A multi-holed catheter (a peri-articular catheter) would be inserted into the tissue planes under direct vision in a standardized way before closing the wound and would be connected to a bacterial filter under sterile conditions. After the surgery the patient would be transferred to the post-anaesthesia care unit (PACU) and thereafter to the orthopaedic ward for further management.
During the first post-operative day, 24 hours after surgery the following solutions will be injected peri-articularly via the multi-holed catheter by a nurse who is blinded to the injectate:
20 ml of ropivacaine (7.5 mg/ml)
1 ml ketorolac (30 mg/ml)
1 ml of epinephrine (0.1 mg/ml)
22 ml saline
Total volume of injectate will for each patient be 22 ml.
The multi-holed catheter would then be removed and the tip of the catheter sent for culture and sensitivity testing. Any evidence of fever or local or systemic infection will be recorded.
Pain Management All patients will receive 1 g paracetamol orally 4 times a day, starting on the morning of the operation.
A patient controlled analgesia (PCA) morphine pump (1 mg bolus dose, 6 min lock-out time) would be connected IV in all patients, and will serve as rescue medication in case of pain > 3 on the numeric rating scale (NRS; 0 = no pain, 10 = worst imaginable pain). The patients will be instructed on its use the day before surgery. If pain is < 4 during a 12 h period, the PCA-pump will be discontinued and tramadol 50 mg given orally up to 4 times/day as necessary as rescue medication for pain management. All patients would receive Paracetamol 1 g six-hourly as basal analgesic.
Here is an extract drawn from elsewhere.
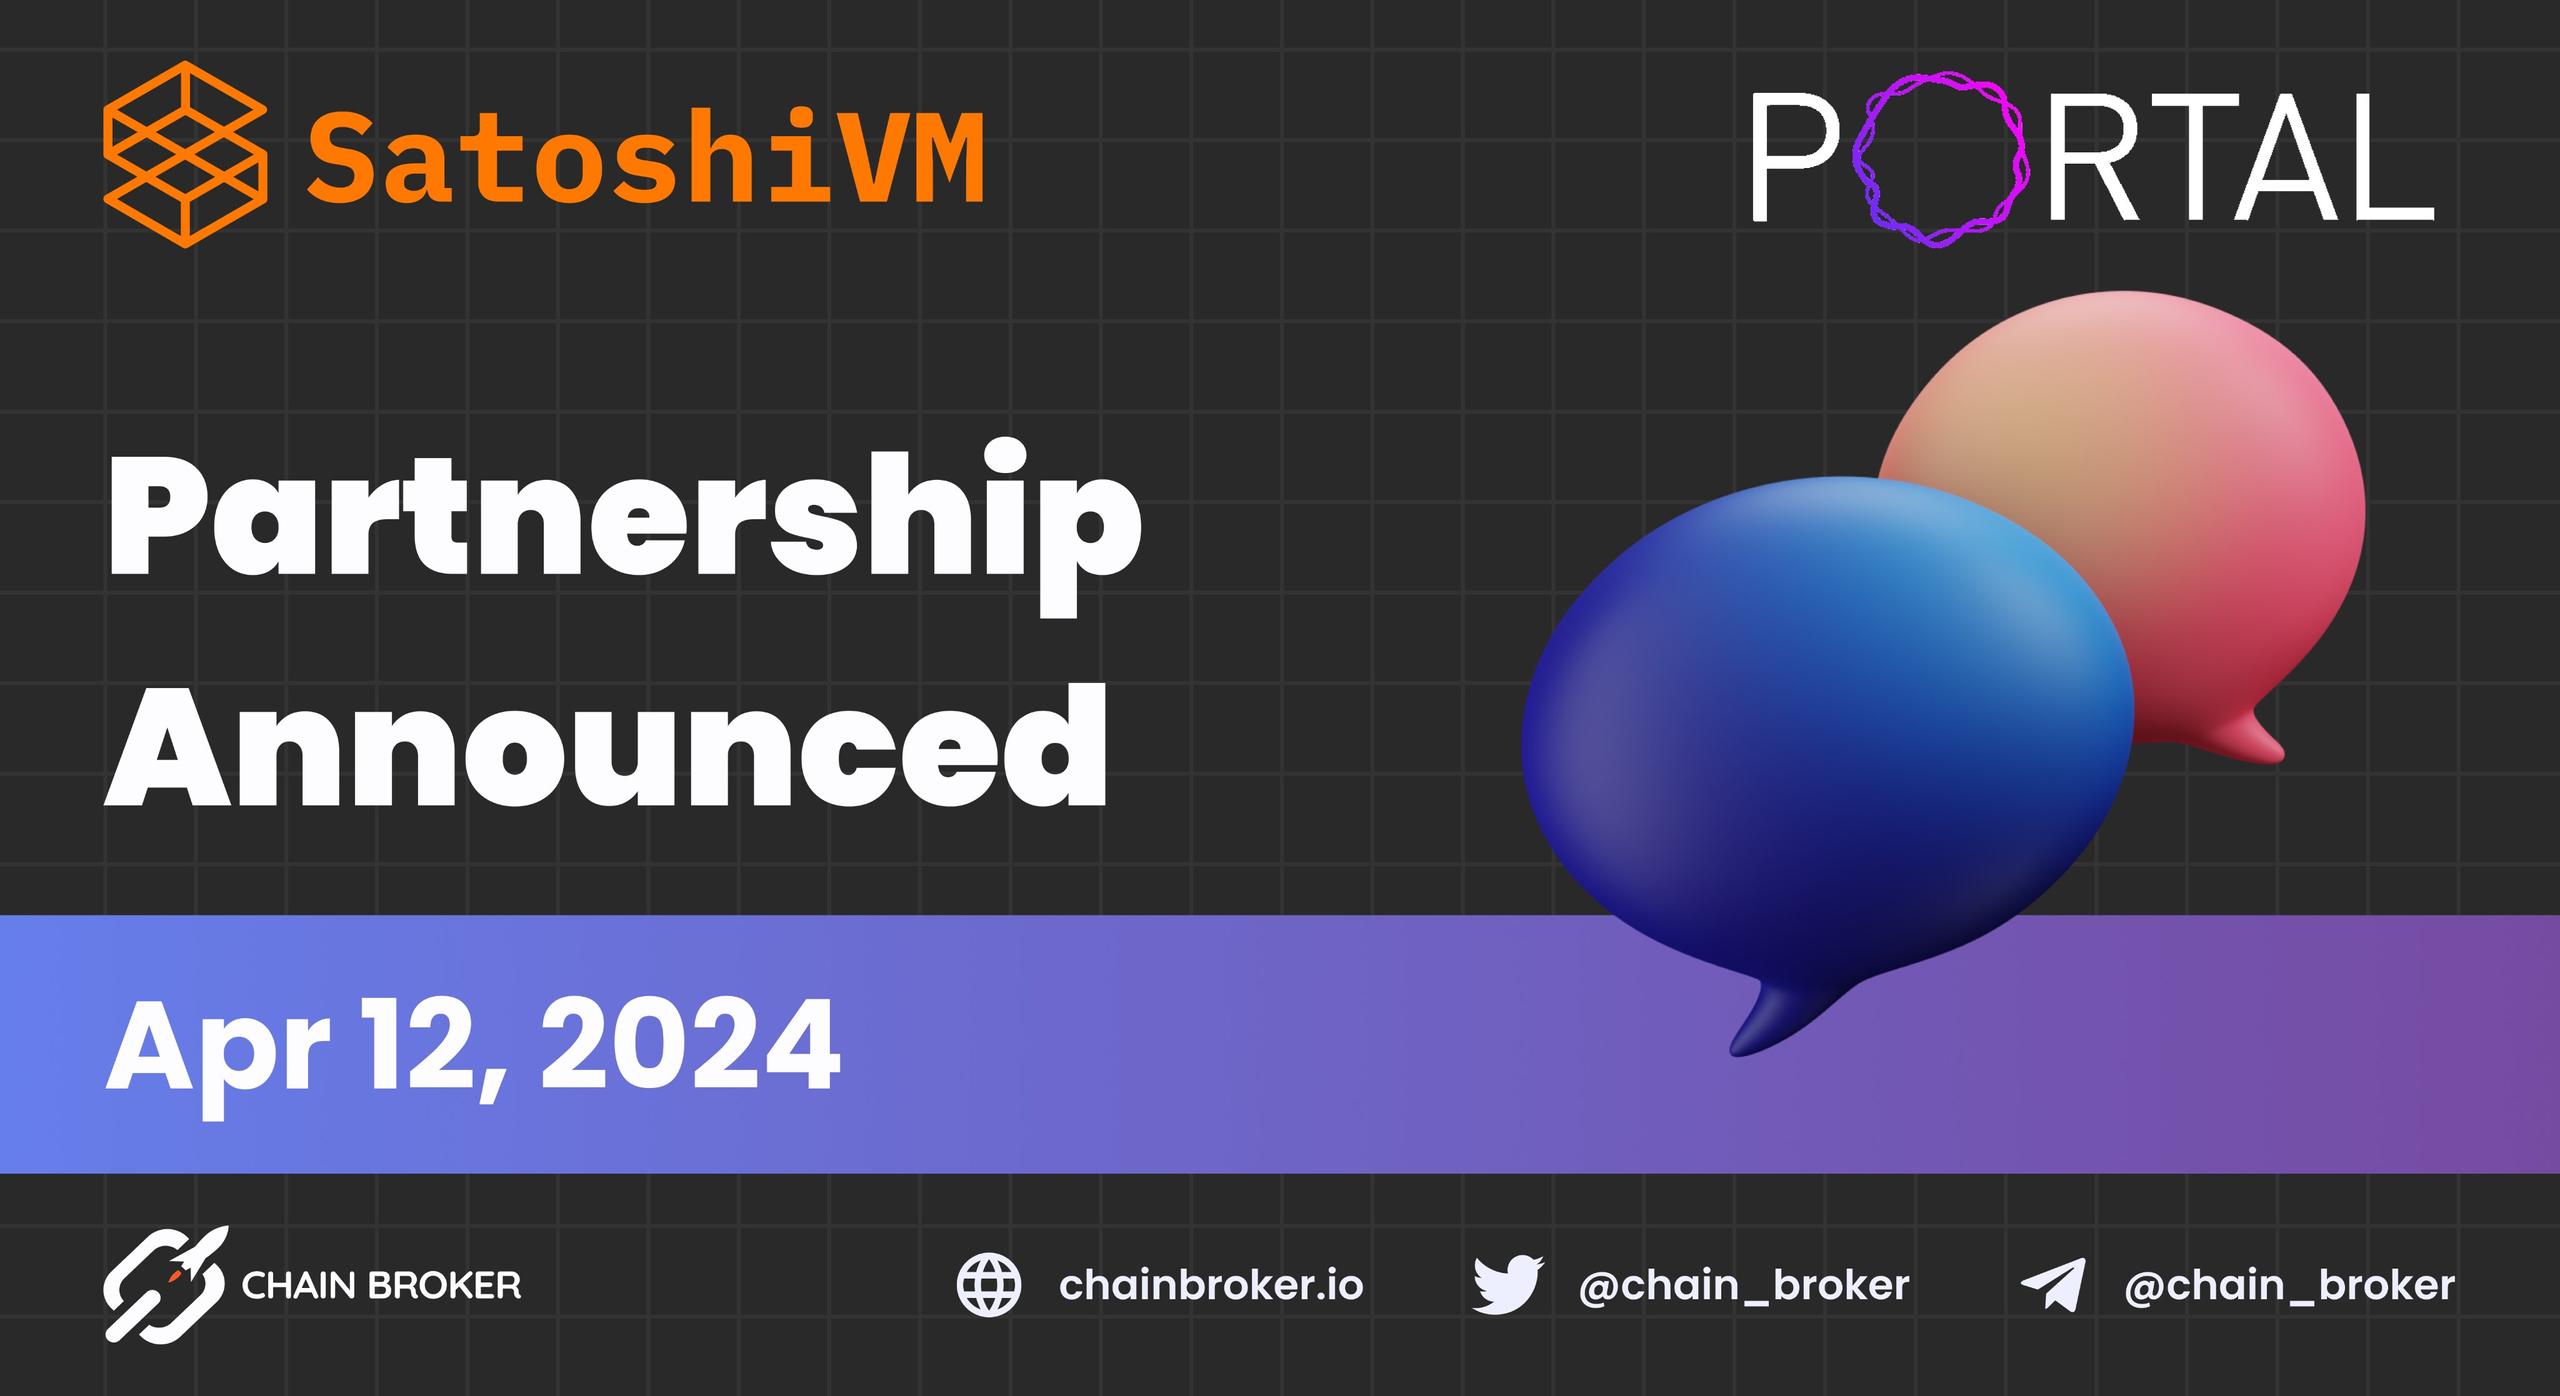 SatoshiVM announces partnership with Portal

Mobilization and Home discharge The first attempt to mobilization will be made about 30 min after the peri-articularly injection of study medication/saline, 24 h after surgery. The patient will be asked to stand up and to walk 10 steps. If unsuccessful, another attempt will be made to mobilize the patient every 12 h until the patient can walk 10 steps. If the 12 h period is after 9 pm, the next attempt would be made on the following morning. Subsequently, mobilization will also be quantified using a TUG test (appendix 5) from postoperative day 1 until discharge
The patient will be discharged when the discharge criteria are fulfilled:
The patient will also be asked to register pain (NRS) and analgesic consumption during the first 14 postoperative days and at week 2, 3 and 4. (appendix 6)
Recordings and Assessments (Flowchart, appendix 7)
Age, gender, height and weight.
Length of stay at the hospital (LOS):
The number of postoperative days to home discharge, day 0 = the day of surgery would be recorded.
Home discharge criteria are:
Pain assessment will be recorded by NRS scale preoperatively and at 1, 4, 8, 12, 24, 36 and 48 hours postoperative, subsequently every 24 hour until the patient is discharged from hospital, on day 14 and 3 and 6 months postoperatively.
Pain will be assessed both at rest and on motion (after walking 10 steps).
Morphine consumption will be recorded during 0 - 4, 4 - 24 and 24-48 hours postoperatively.
Oral analgesic consumption will be recorded each day until home discharge. The patients will be asked to record their pain and analgesic consumption once each day for 14 days and weekly on weeks 2, 3 and 4.
The research nurse or physiotherapist will record the hip extension and flexion every 24 h until discharge and after 14 days, 3 and 6 months postoperatively.
TUG test will be performed från postoperative day 1 until discharge Patient satisfaction during the first 24 postoperative hours and after 7 days will be rated according to a satisfaction score: 1= poor, 2= satisfactory, 3= good and 4= excellent.
HOOS will be collected preoperatively, and at 2 weeks, 3 and 6 months postoperatively.
The SF-36 and EuroQol (EQ-5D) questionnaires will be collected preoperatively and postoperatively on day 7 (only EQ-5D), 3 and 6 months.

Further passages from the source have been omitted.